# Fix for Opera browser Photobucket problem



## ColinJ (22 May 2015)

I have been having problems for some time with images in some posts on CycleChat not showing in my Opera browser (ver 12.17). I finally found the fix for the problem ...



Post in the Opera support forum said:


> Open the opera:config advanced configuration page
> Go to the "Network" section
> 
> Under "HTTP Accept" enter the following string: image/gif, image/jpeg, image/pjpeg, application/x-ms-application, application/vnd.ms-xpsdocument, application/xaml+xml, application/x-ms-xbap, application/x-shockwave-flash, */*
> ...


[Original thread HERE]


----------



## andyfraser (22 May 2015)

That's weird. I've been running the latest Opera for months now on 2 Windows 8.1 PCs and a Linux Mint 17 laptop, all 64-bit OSes, with no problems. Opera 29 is the latest. Am I missing something?


----------



## ColinJ (22 May 2015)

andyfraser said:


> That's weird. I've been running the latest Opera for months now on 2 Windows 8.1 PCs and a Linux Mint 17 laptop, all 64-bit OSes, with no problems. Opera 29 is the latest. Am I missing something?

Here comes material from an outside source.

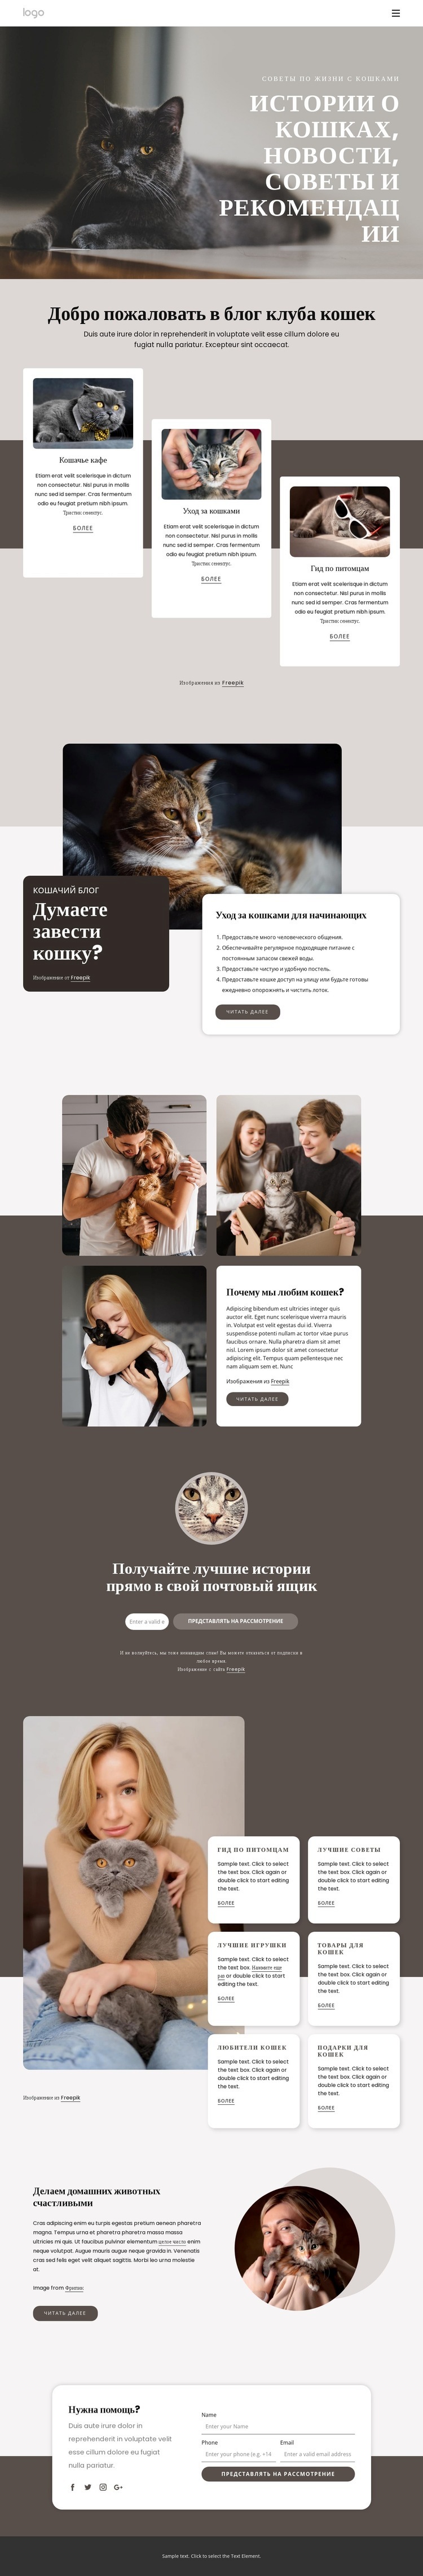 Истории о кошках, советы и рекомендации Мокап веб-сайта

Yes - the bit where I said I was running Opera *12.17*! 
(I don't like the new version.)


----------



## andyfraser (22 May 2015)

I didn't know whether that was a typo. I wouldn't be surprised to find issues with older versions. If there's a fix then no problem.


----------



## ColinJ (23 May 2015)

andyfraser said:


> I didn't know whether that was a typo. I wouldn't be surprised to find issues with older versions. If there's a fix then no problem.


I don't normally run outdated software but Opera changed the browser too much when they scrapped the original and started again.

I quite often end up using Firefox or Chrome as alternatives these days.


----------



## andyfraser (23 May 2015)

Fair enough.


----------